It was blustery weather outside Hafele's Chicago showroom, as the Cabinet Makers Association held its regional gathering just before Thanksgiving. 

Woodshops from Illinois, Michigan, Wisconsin and Indiana were there, at the trendy loft-style center that provides the hardware manufacturer a base of operations with the home and commercial interior showroom palace of the mammoth Merchandise Mart conveniently at hand.

Though cabinet maker attendance was wide ranging, it was sparse: most of the area members were too busy to stop - working full tilt to finish renovation projects before the turkey hit the oven and relatives descended on their clients. Projects include updating bedrooms and bathrooms, murphy beds, and adding kitchen counter and cabinet space before the holiday starts in earnest.

We talked with a number of the cabinet makers who could get away, and found they were busy. What's changed is the types of work that is being done - almost no new construction build outs, and more residential renovation.

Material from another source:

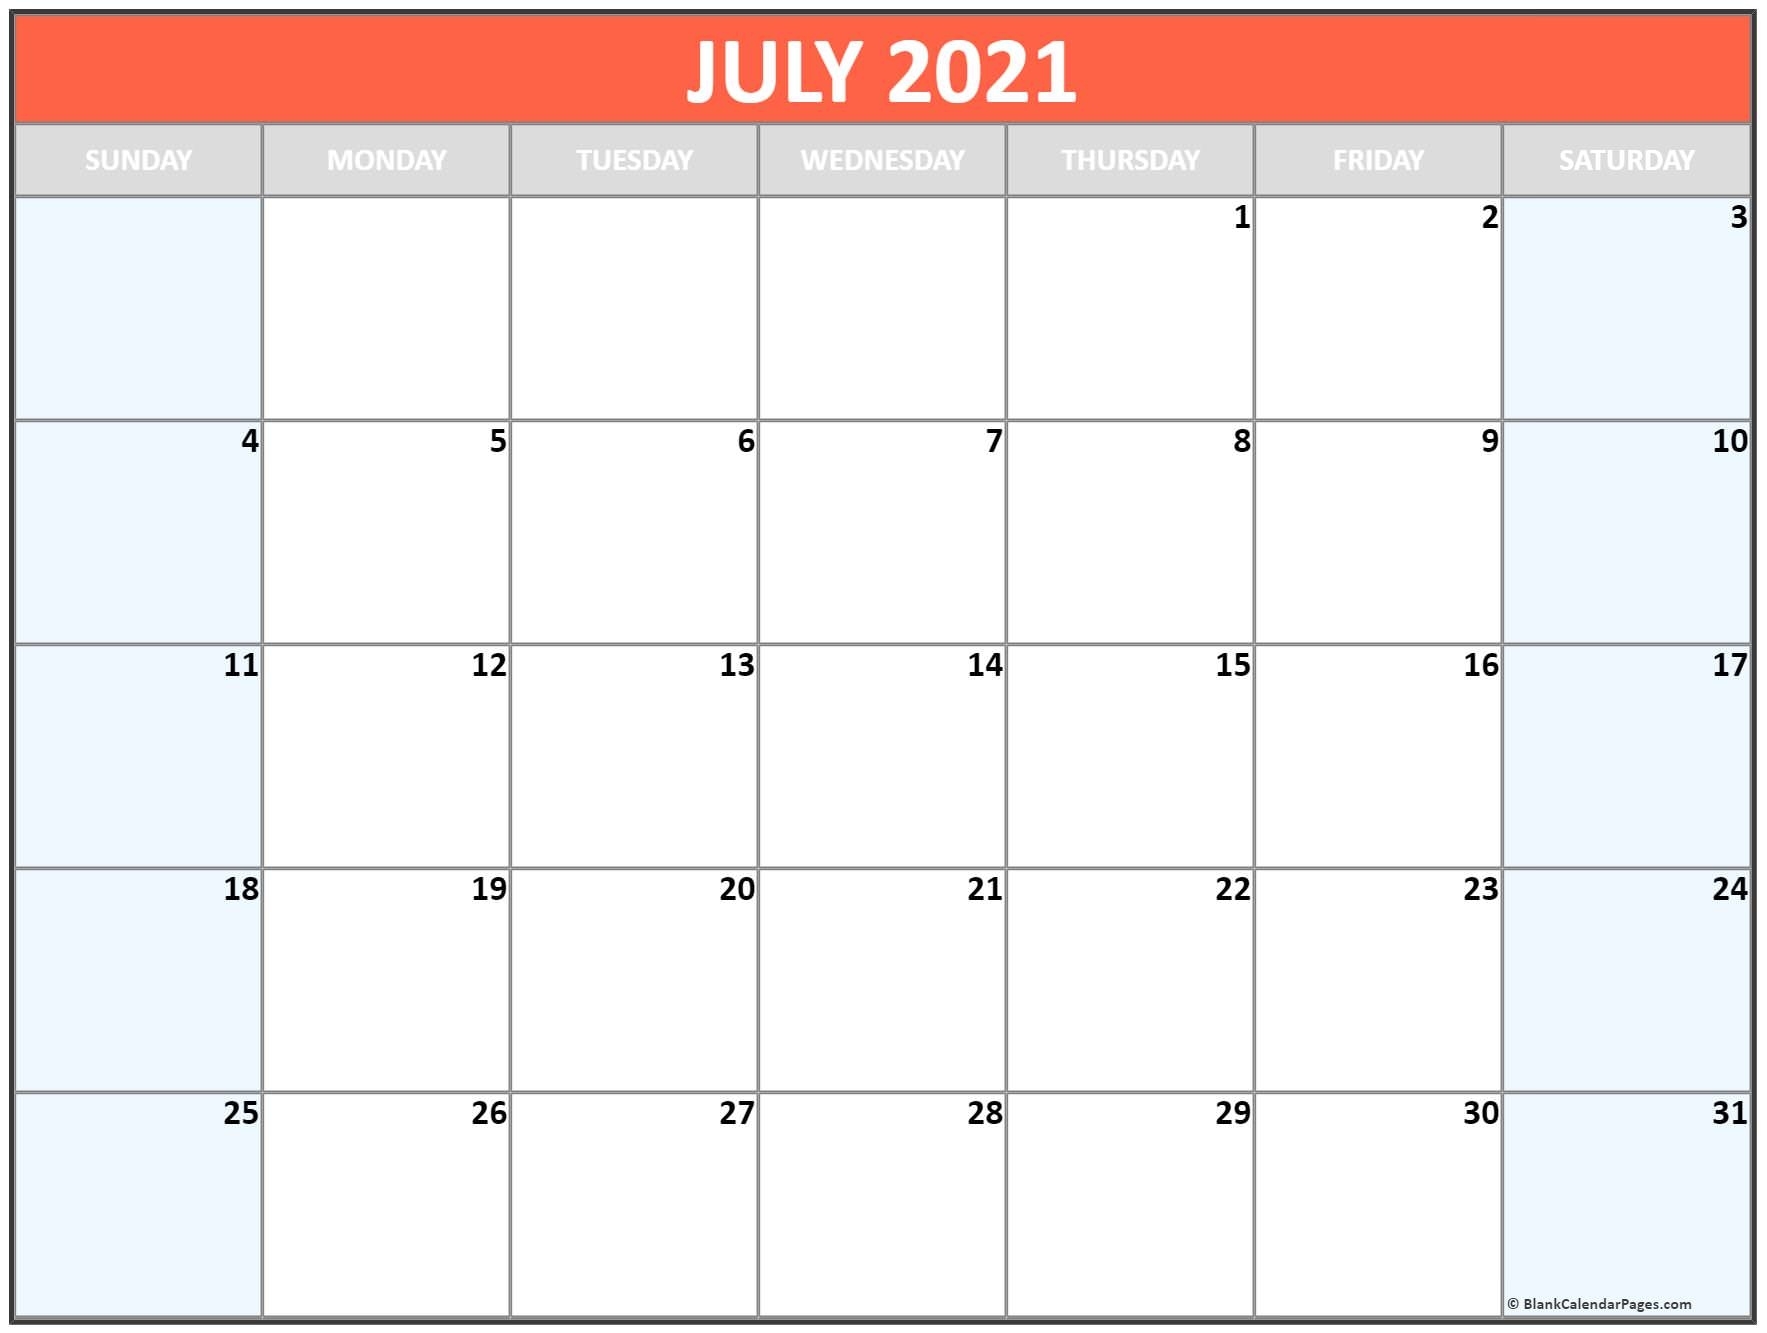 July 2021 Blank Calendar Templates. Online Calendar July 2021

Most cabinet makers we talked to are making a concerted effort to get into commercial work.

"We've been doing a lot more commercial work," Cleland Noe, from Counterpoint Cabinetry told me. His Wilmette, IL shop historically focused on residential in that tony Chicago suburb. (Counterpoint Cabinetry has won the Cabinet Makers Assn. Wood Diamond award for both commercial architectural millwork and residential library woodwork.) 

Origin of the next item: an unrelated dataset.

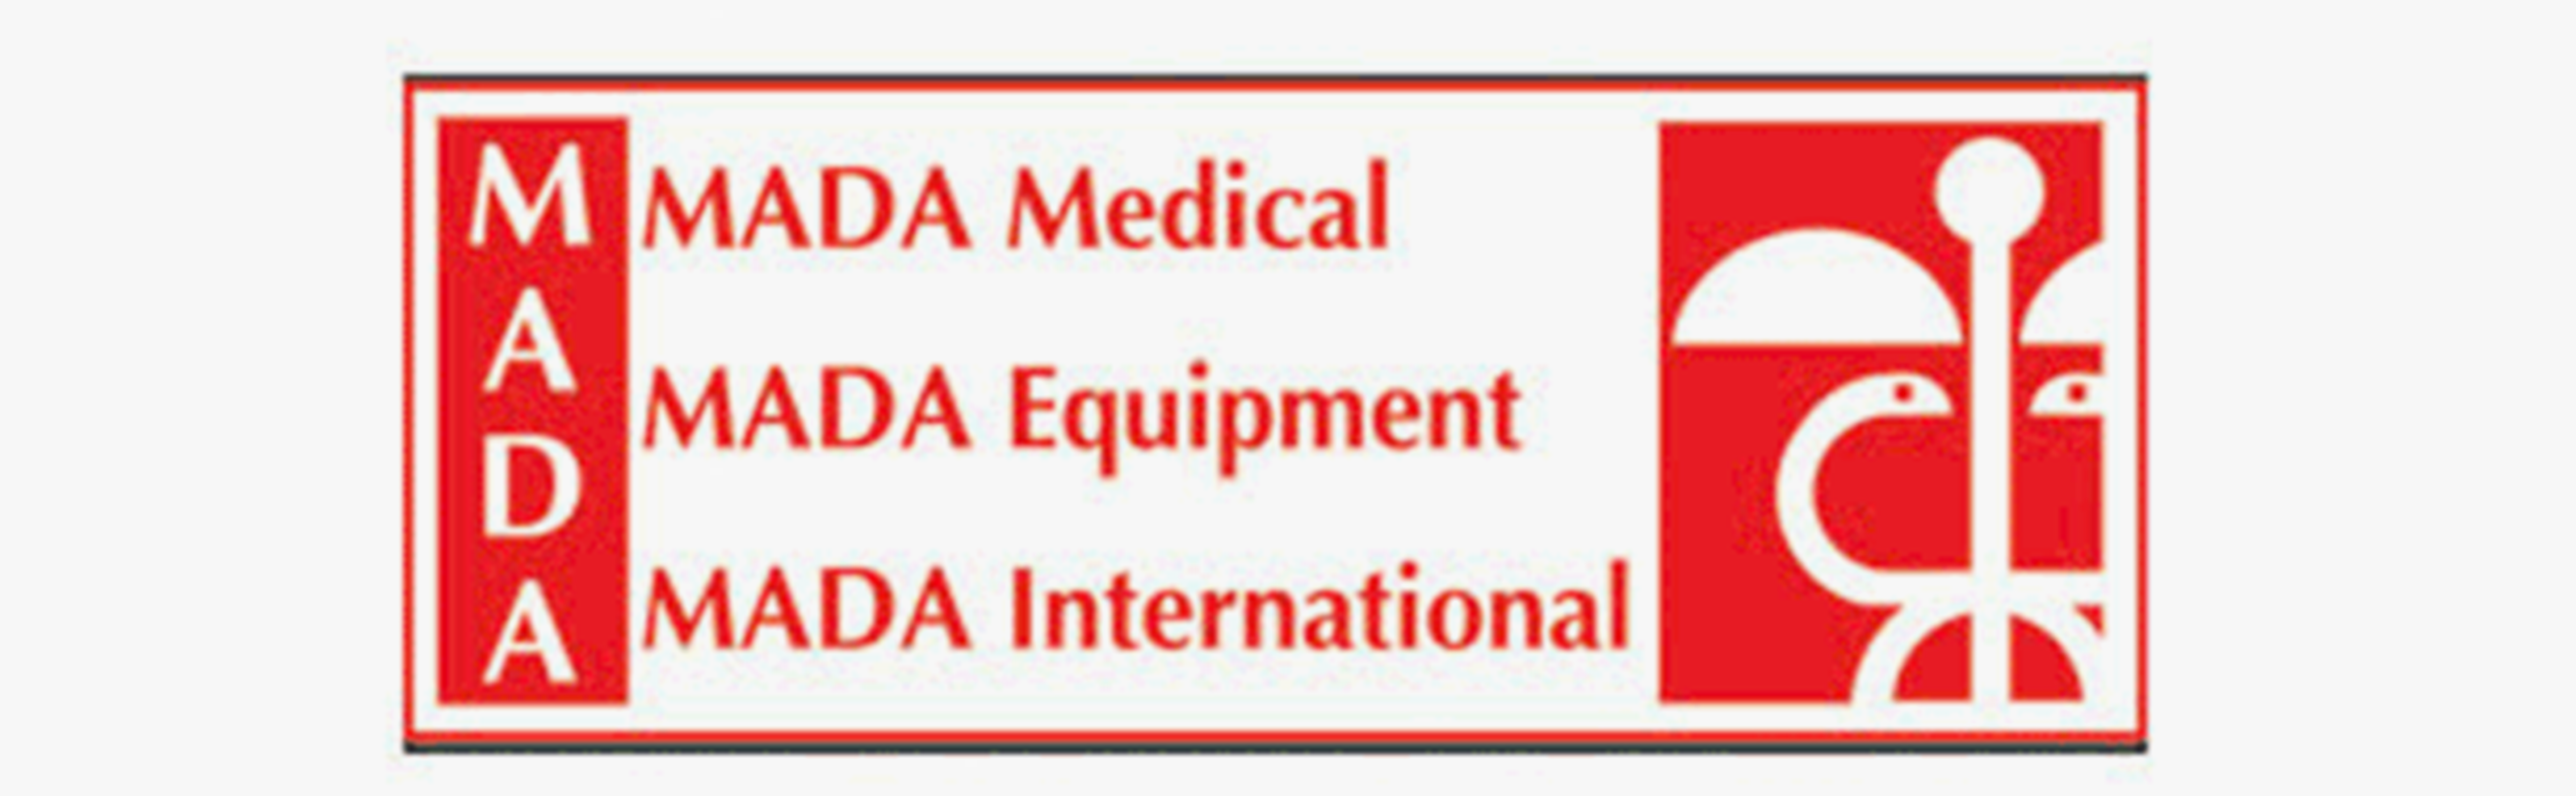 MADA Medical Products, Inc.

"We've been doing office build outs inn the city, and a fair amount of medical client work."

I asked Noe how he finds bid prospects. He doesn't use any of the paid bid registry sites, but gets a lot of unsolicited requests for bids.

"There are so many RFQs that come in, I screen them. I try to stay away from general bid requests," Noe said.

With so many shops hjaving closed over the past couple of years, winning work isn't strictly a measure of dollars when commercial clients are selecting him.

"It's not always about price as much as trust - that you are going to be able to complete the job," says Noe.